Politics & Policy

Hobby Lobby’s Secular Case

Firms offering grandfathered plans are exempt from the HHS mandate, so Hobby Lobby should be too.

The plight of Hobby Lobby, the arts-and-crafts business whose owners are being forced to compromise their faith, instantly draws the sympathy of religious conservatives. But why should anyone else care?

Recall first that the Department of Health and Human Services issued under the Affordable Care Act a “preventive services” mandate requiring employers to provide, through their insurers, employee coverage for FDA-approved contraceptive drugs and devices.

The Hobby Lobby chain of more than 500 stores is owned by the Green family of Oklahoma City, who run their business in accord with their Evangelical Christian beliefs. Founder David Green says the family cannot in conscience subsidize certain mandated drugs and devices that can cause an abortion early in pregnancy.

#ad#So Hobby Lobby challenged the HHS mandate, and the Supreme Court recently announced that it will take up the case. Believers and nonbelievers alike have a stake in the outcome.

The HHS mandate violates the constitutional and statutory rights of the Green family and Hobby Lobby and assaults the freedom of all people to earn their livings in a manner consistent with their most deeply held beliefs.
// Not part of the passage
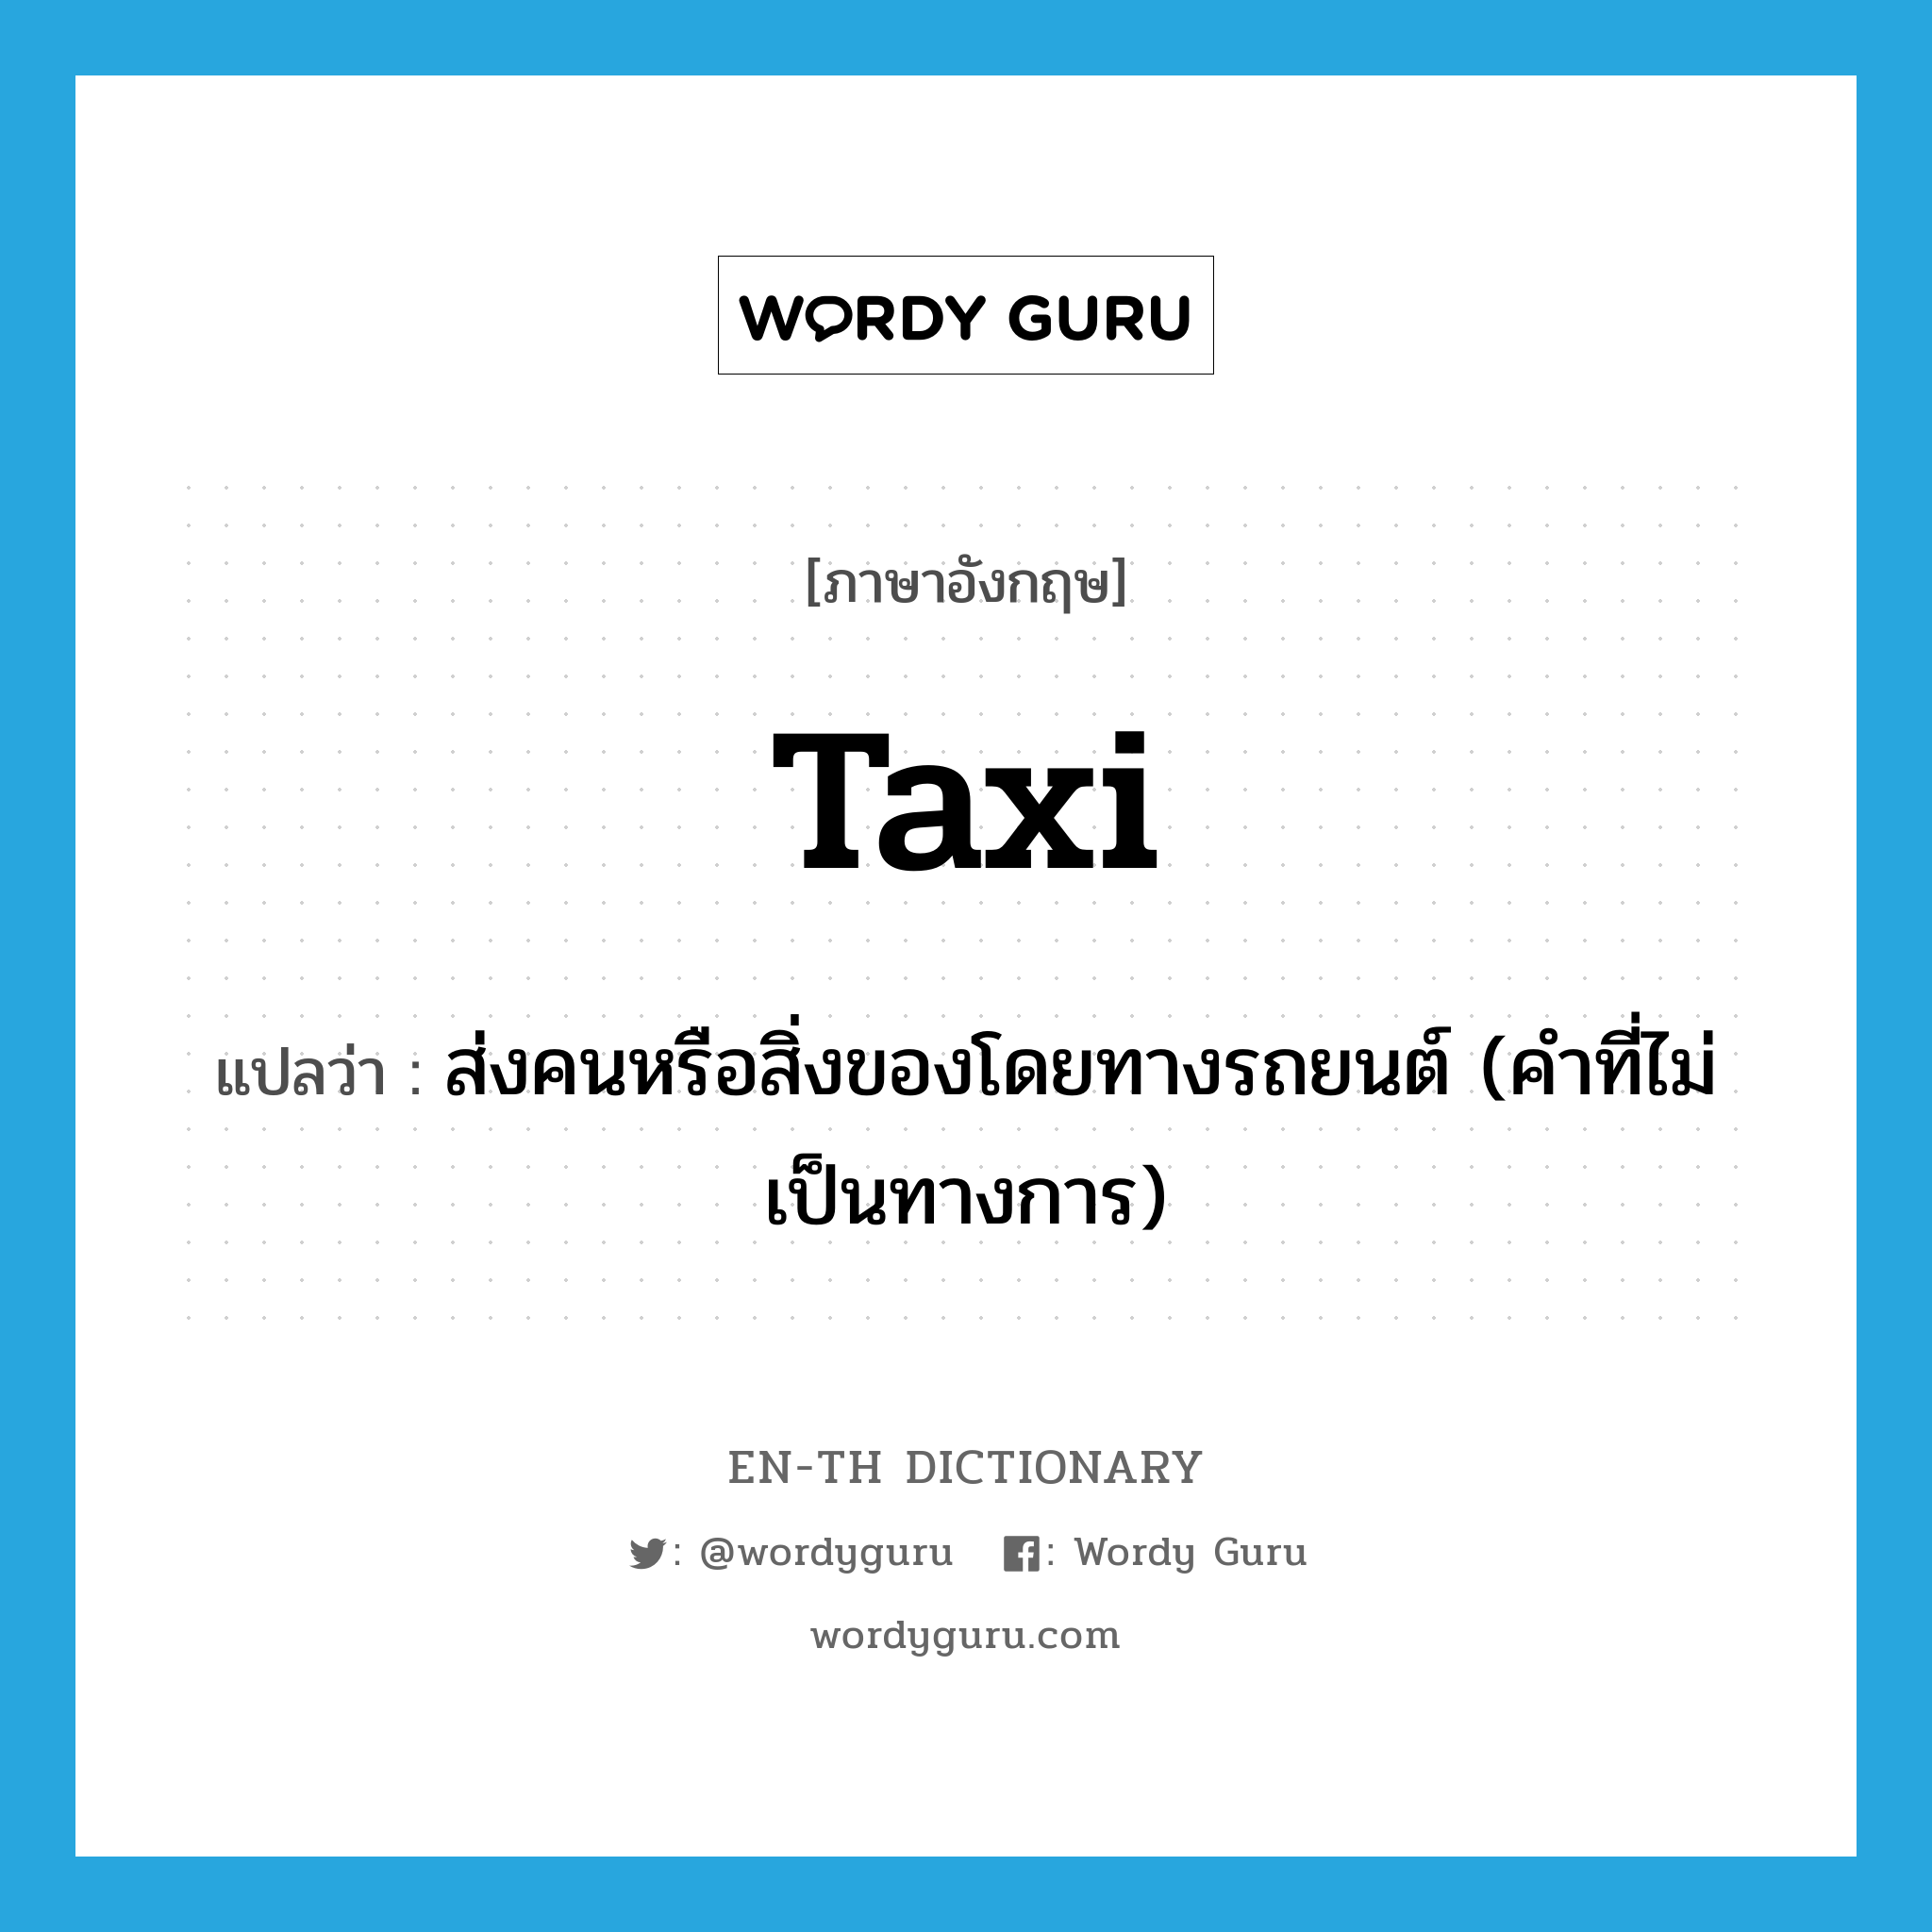 ส่งคนหรือสิ่งของโดยทางรถยนต์ (คำที่ไม่เป็นทางการ) ภาษาอังกฤษ?, คำศัพท์ภาษาอังกฤษ ส่งคนหรือสิ่งของโดยทางรถยนต์ (คำที่ไม่เป็นทางการ) แปลว่า taxi ประเภท VI หมวด VI

The mandate also could injure those whom it is intended to help, by forcing Hobby Lobby to drop employee health-care coverage altogether.

All Americans should support Hobby Lobby, regardless of whether they believe in one God, 20 gods, or none at all.

The First Amendment to the Constitution stands as a bulwark against this sort of coercion. In Employment Division v. Smith (1990), the Supreme Court held that the First Amendment allows the government to pass “neutral, generally applicable” laws that impose substantial burdens on religious exercise. But in Church of Lukumi Babalu Aye, Inc. v. City of Hialeah (1993), the court clarified that a law is not “generally applicable” if it regulates religiously motivated conduct while leaving similar, secular conduct unregulated.

Notably, that second case concerned a corporation. Never in its jurisprudence on free exercise of religion has the Supreme Court treated organizational persons differently from individuals.

Smith doesn’t support the HHS mandate. The mandate isn’t “generally applicable” by any stretch of the imagination. Obamacare provides that millions of large and small secular employers will not have to cover “preventive services” if they provided their employees with “grandfathered” job-based plans that existed on March 23, 2010, and have covered at least one person continuously from that day forward.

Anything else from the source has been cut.